RDS backups and EBS snapshots without AWS: the boring stack
TL;DR. Two of the scariest things to give up when you leave AWS are RDS automated backups (with point-in-time recovery — rewind the database to any second before a mistake) and EBS volume snapshots. Both reproduce cleanly on a plain OVH or Hetzner server with mature, boring open-source tools: pgBackRest streams full + incremental + WAL backups of Postgres to any S3-compatible bucket with built-in retention (true PITR); ZFS + sanoid/syncoid gives you instant, scheduled, auto-expiring volume snapshots replicated offsite (the real EBS-snapshot analog); restic or BorgBackup handle files. You even get two things AWS doesn’t hand you by default: immutable, ransomware-proof backups (object-lock / WORM) and cheap or free restore egress. The honest caveat: managed RDS backups are labor you no longer do — for a team with zero ops capacity, that convenience can be worth paying for.
The fear, named
Leaving AWS, the database is where nerve fails. RDS quietly takes a snapshot every night, lets you rewind to any second in the retention window, and replicates it across zones — and EBS snapshots do the same for whole volumes. Run your own server and you own that now. The good news: this is one of the most solved problems in operations. The tools below are what banks and hosting companies have used for a decade. None of it is exotic.
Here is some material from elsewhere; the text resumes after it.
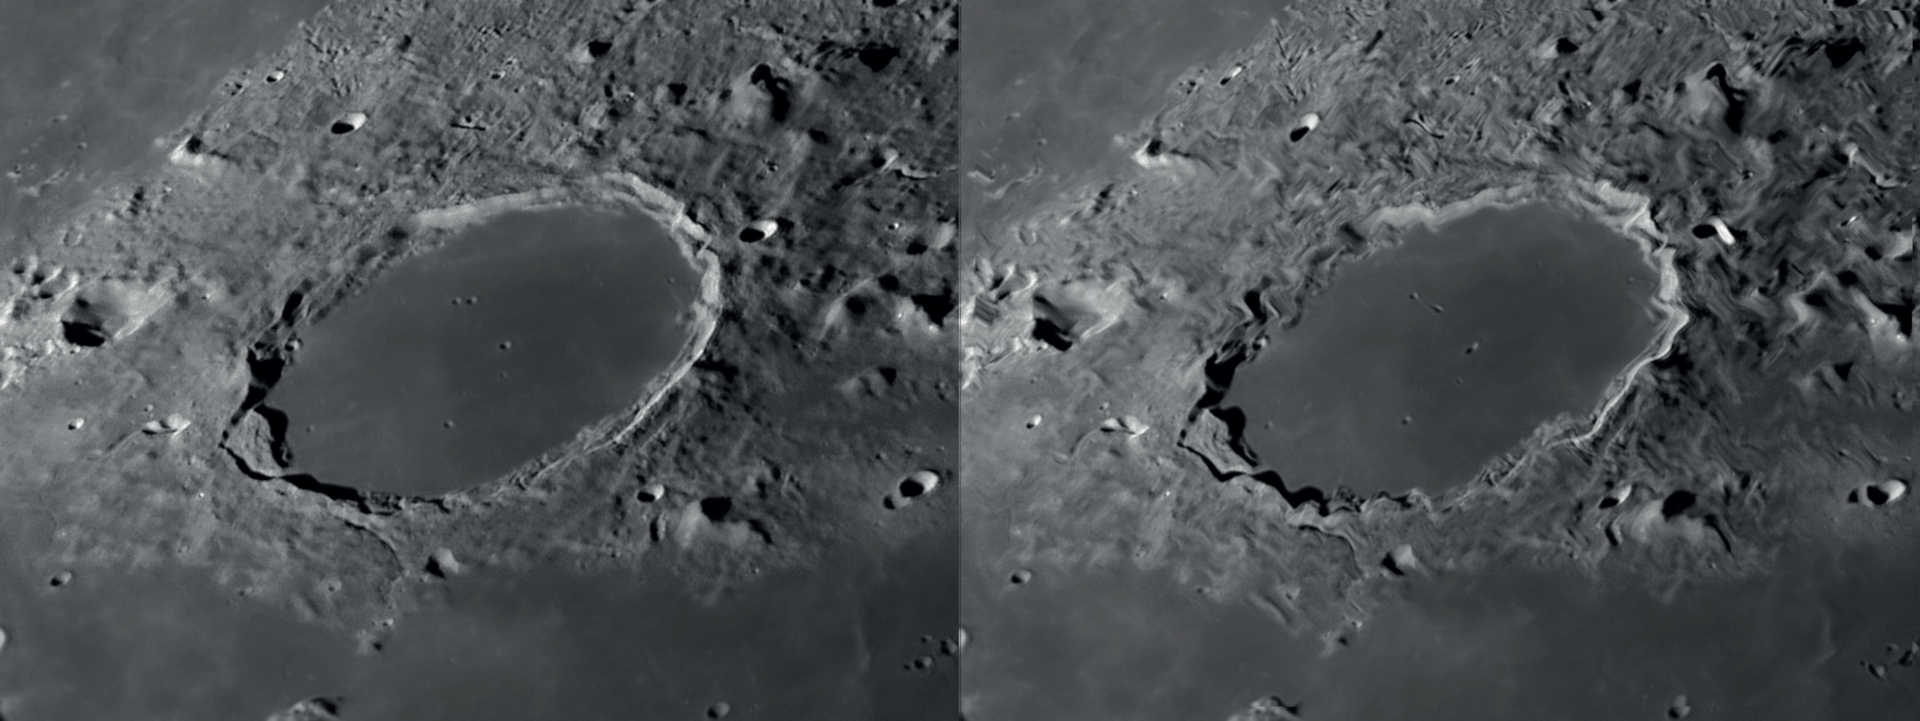 If the seeing is good, detail recognition is excellent when observing the Moon and planets (left). Slowly moving air will cause parts of the image to be distorted, while other areas remain sharp (right). NASA/GSFC/Arizona State University/L. Spix

There are two separate jobs, and people conflate them:
- Database backups — logical/physical backups of Postgres/MySQL with point-in-time recovery. (The RDS part.)
- Volume / block images — a frozen image of an entire disk you can roll back or clone. (The EBS part.)
You want both. They use different tools.
Part 1 — RDS-style database backups with point-in-time recovery
Postgres: pgBackRest (the direct RDS replacement)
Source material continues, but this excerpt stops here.